══ Given information

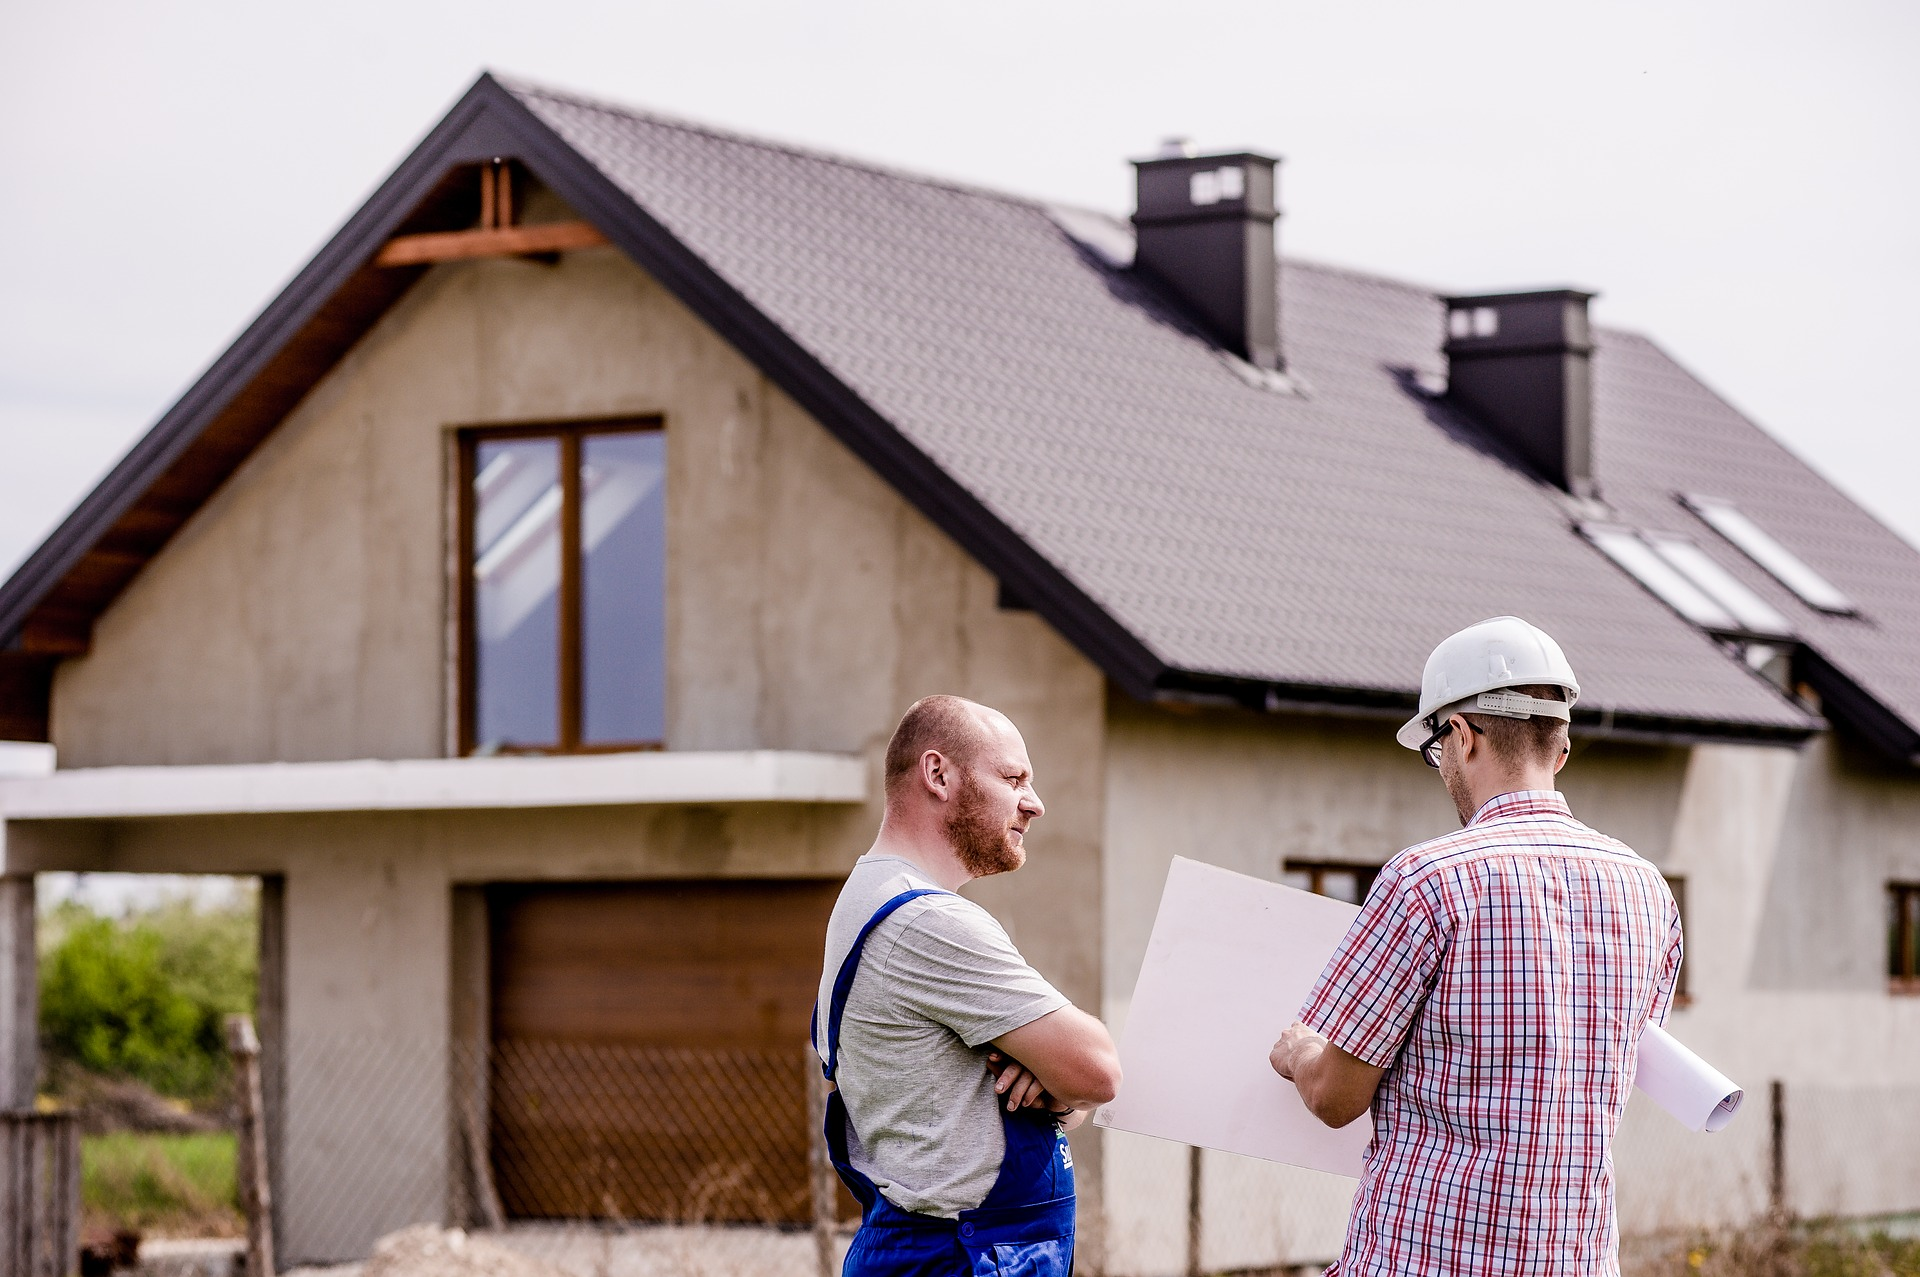 ¿Cuál es la mejor época para hacer reformas en casa?
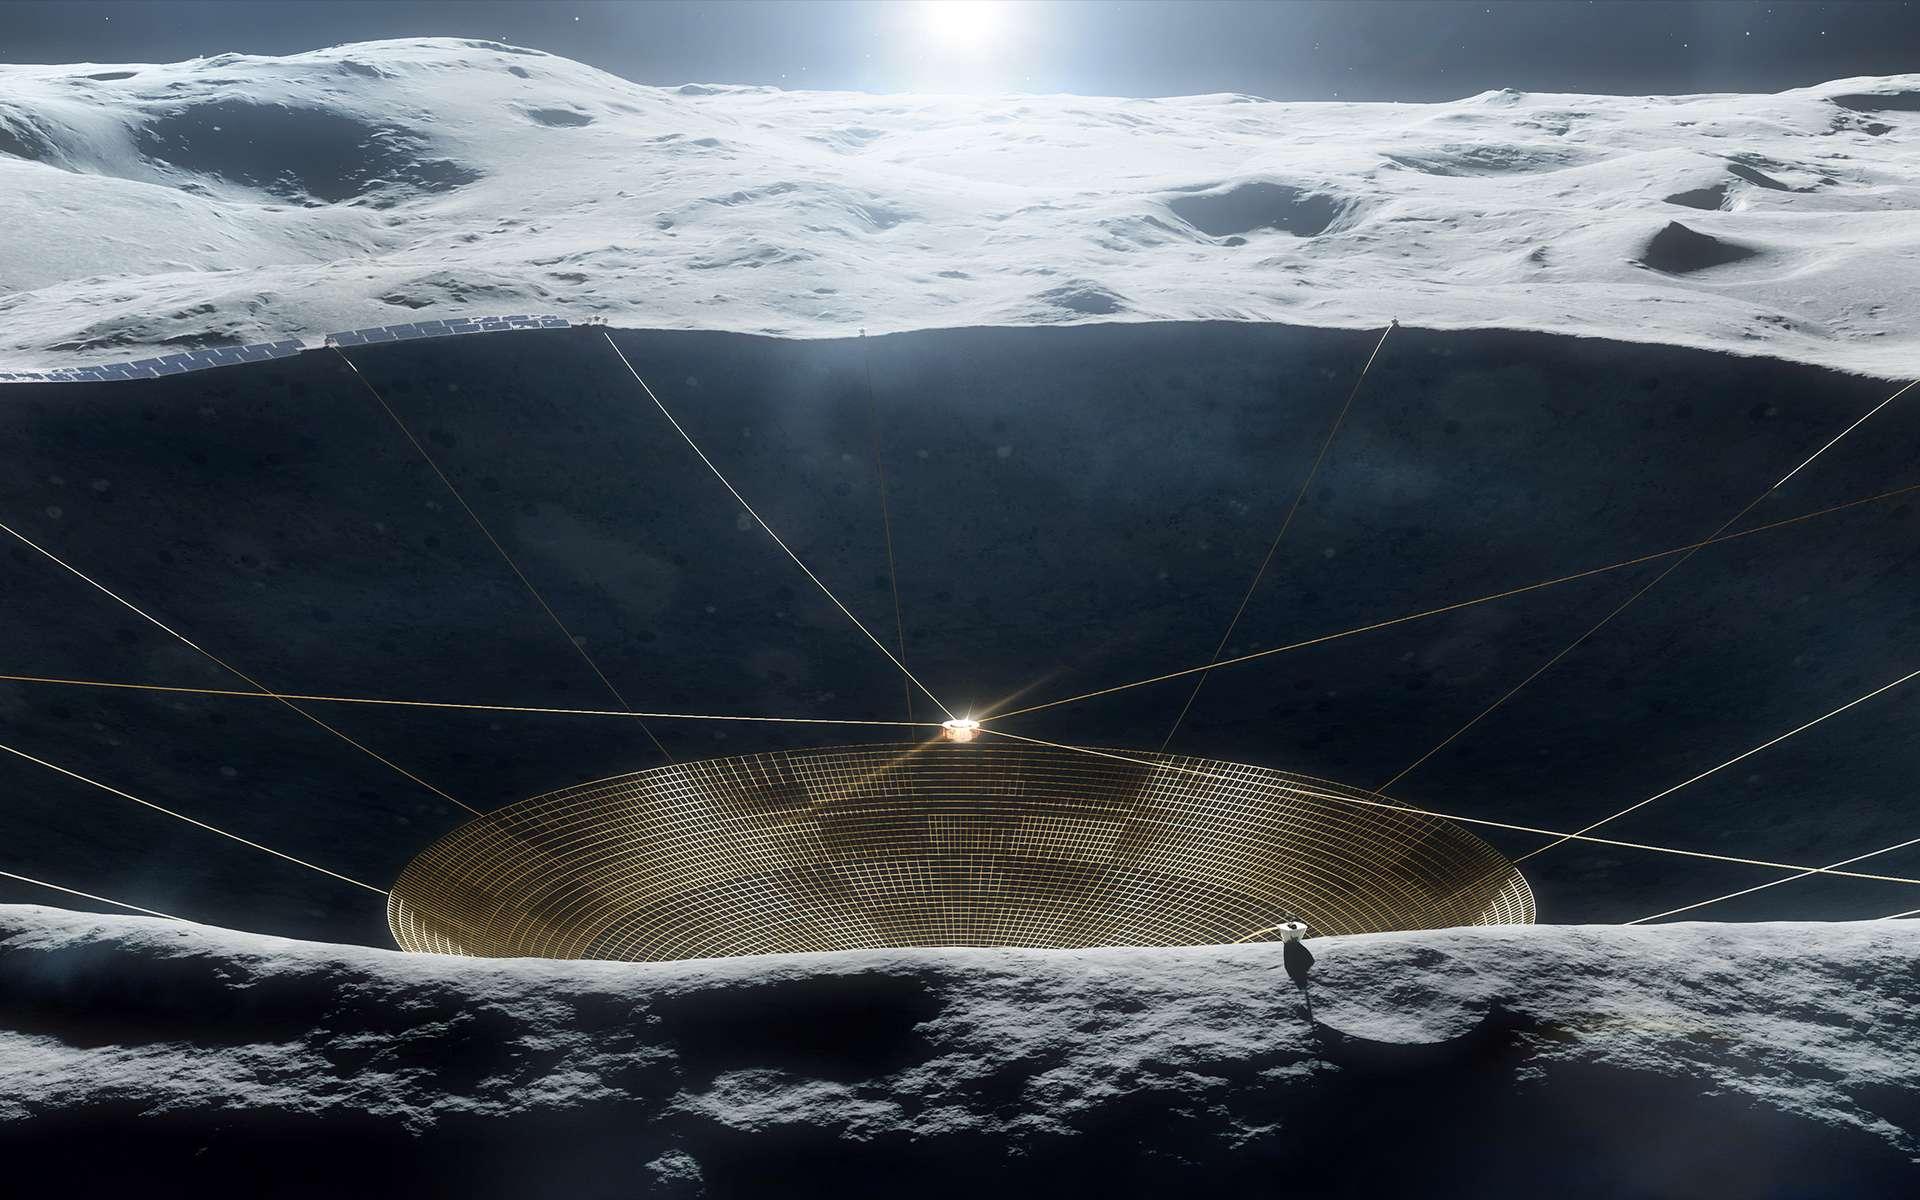 Concept d'un radiotélescope installé dans un cratère lunaire. © Vladimir Vustyansky
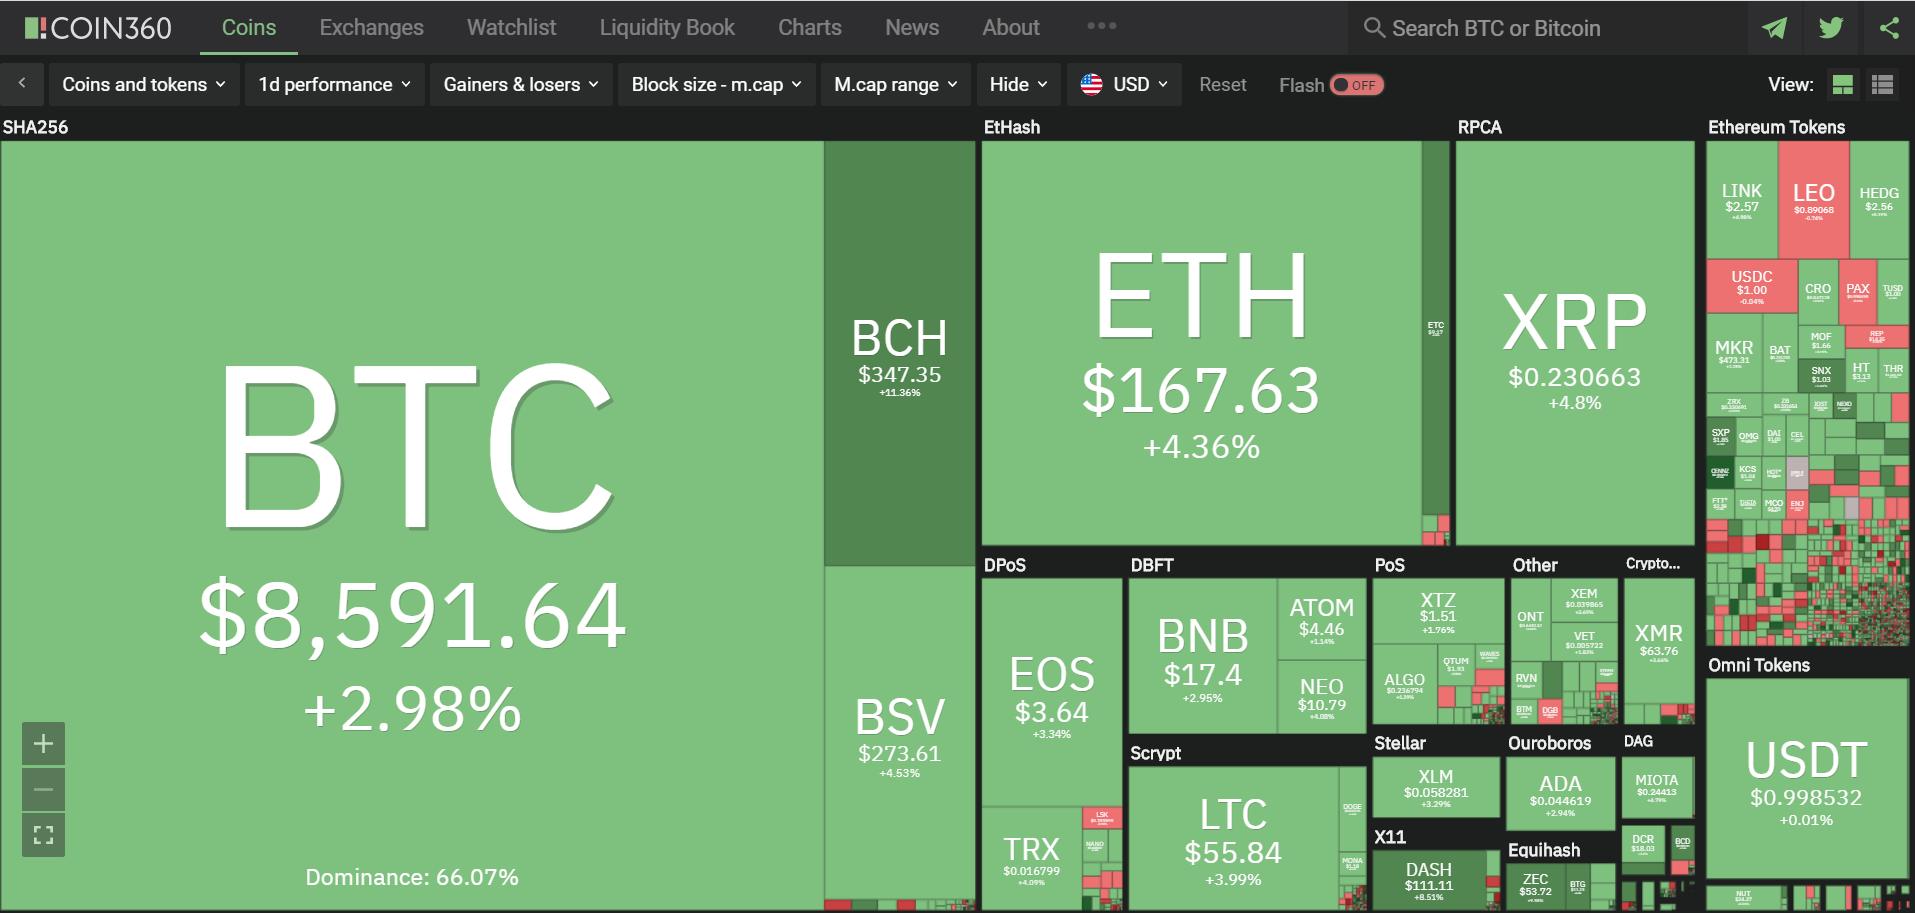 Toàn cảnh thị trường tiền kĩ thuật số hôm nay (27/1) (Nguồn: Coin360.com)

════

*What is being asked*.
Emit an exact copy of the lines from the line bearing "Concept d'un radiotélescope" through the last line above, inclusive, and leave the images out.

*Completed task*.
 Concept d'un radiotélescope installé dans un cratère lunaire. © Vladimir Vustyansky
 Toàn cảnh thị trường tiền kĩ thuật số hôm nay (27/1) (Nguồn: Coin360.com)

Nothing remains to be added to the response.